Stick with Familiar Names

We all have our favorite stocks to watch and trade. Like comfort food or a warm blanket, we relish in knowing how they trade. If you find yourself on a losing streak, build your confidence and your account balance by trading or investing in those stocks that have provided you gains in the past.

Spread the Wealth

If you are a putz like me that picks the wrong stock when down to two choices, remove yourself from this tortuous situation and buy both. Percentage gains may be smaller but achieving success is the best way to break a losing streak. 

Take a Breather

We are often complacent in our due diligence and stock-picking approach.  Work harder on the due diligence side, monitor the stocks on your watch list more closely and determine why these stocks are moving in their given directions.  Trends tend to be short term in nature, which is why losing streaks occur . . .  which is why not all strategies work all the time. It may be prudent to sit on the sidelines until your approach is in favor again.

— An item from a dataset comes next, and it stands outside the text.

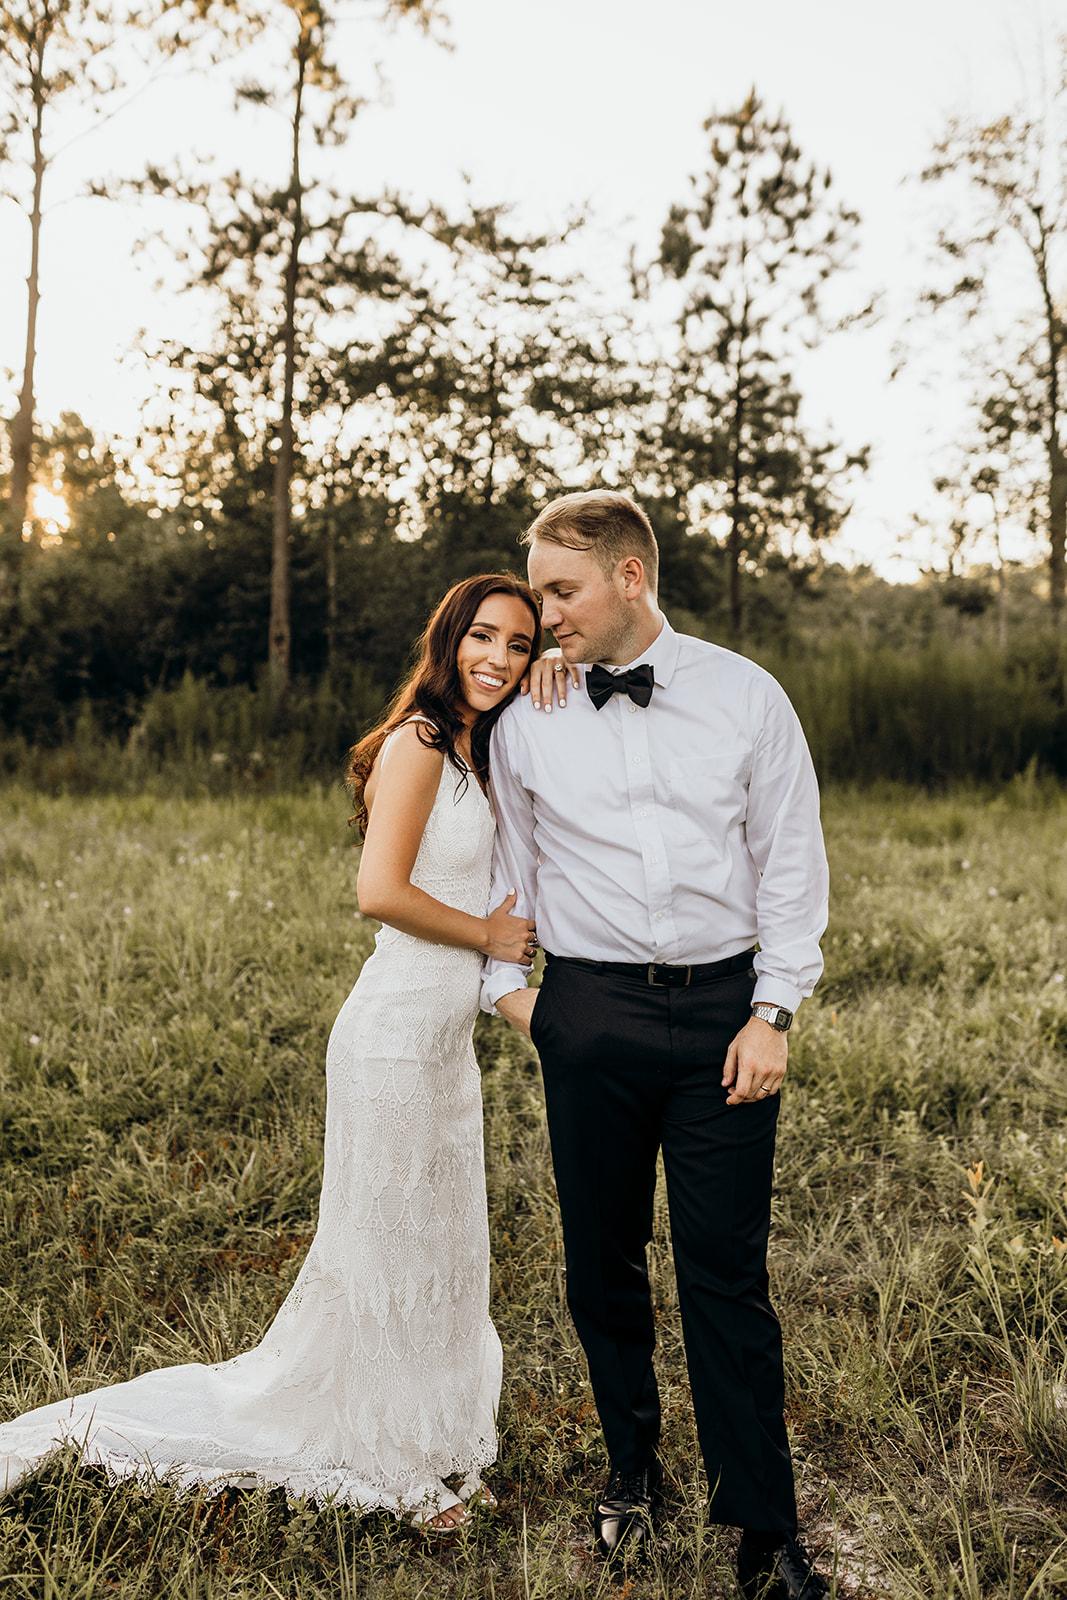 Casey-Josh-Pearl-In-The-Wild-Tallahassee-Wedding-181_websize.jpg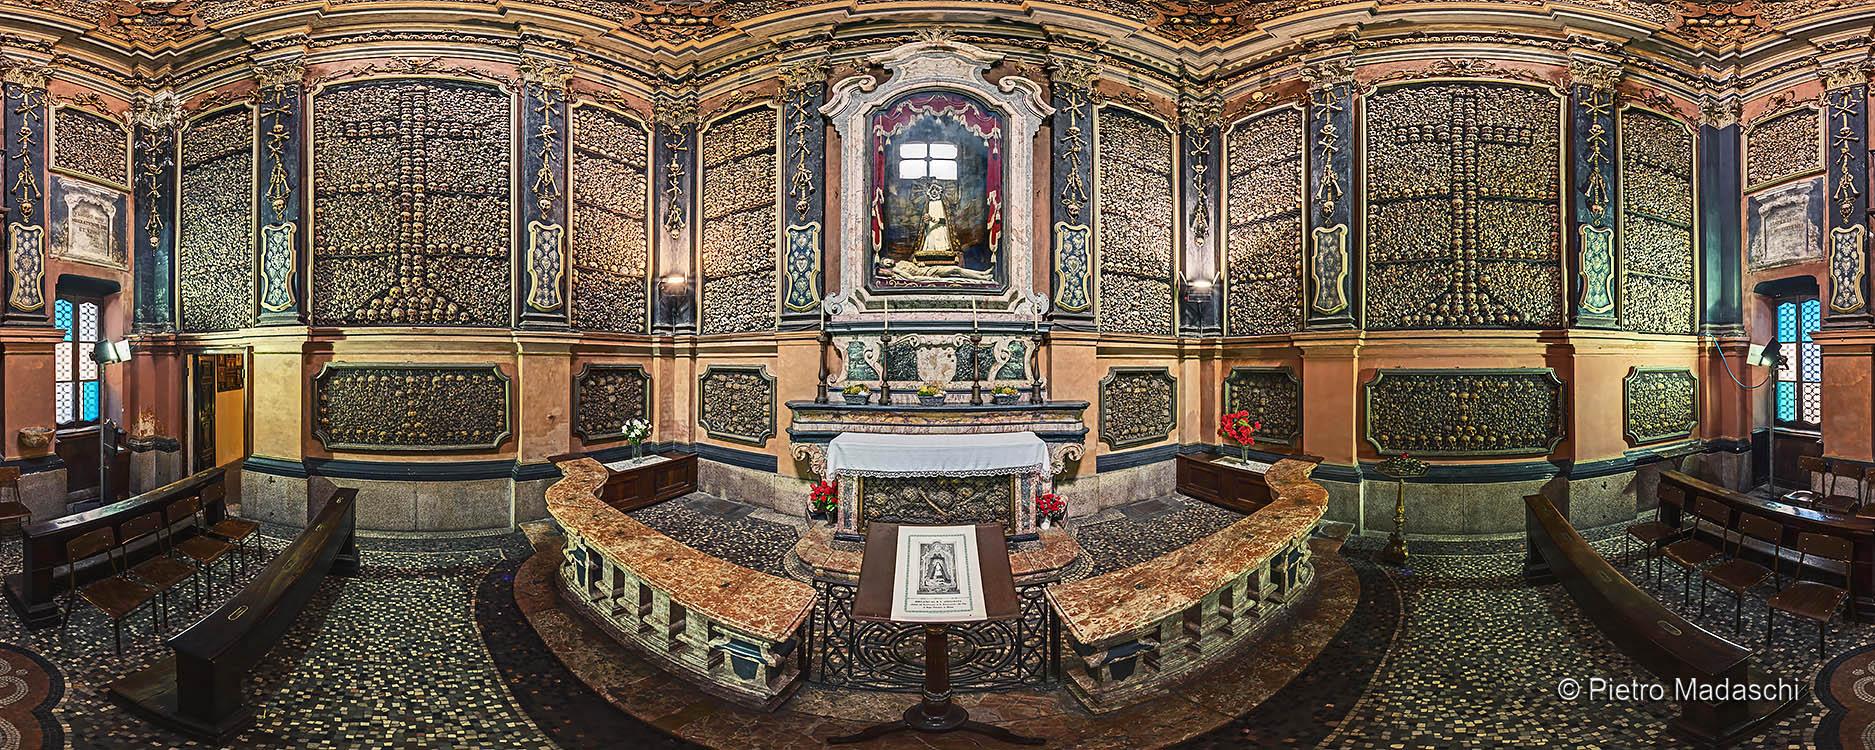 "The ""San Bernardino alle Ossa"" Ossuary in the Chapel of the 16th Century"

Treat Investing Like a Marathon, Not a Sprint

Too many investors and traders in the small stock segment of the market treat transactions like a high-class form of gambling and are focused on short-term gains. This approach can cloud  one’s thinking as stocks trade based on long-term patterns, news, and occasionally on specific events.  Applying short-term methods to long-term opportunities rarely works. With each stock you buy, be prepared to go long for months or years at a time, as it may take that long to achieve meaningful positive returns.  If you can generate a quick return, view that event as a bonus and not the norm.

Stay Positive

There are always ways to generate positive investing returns -- even in bear markets. By keeping a positive attitude and building an aptitude for discerning what sectors or types of equities are performing profitably, you too can record positive gains in the face of adversity by emulating the successful approach.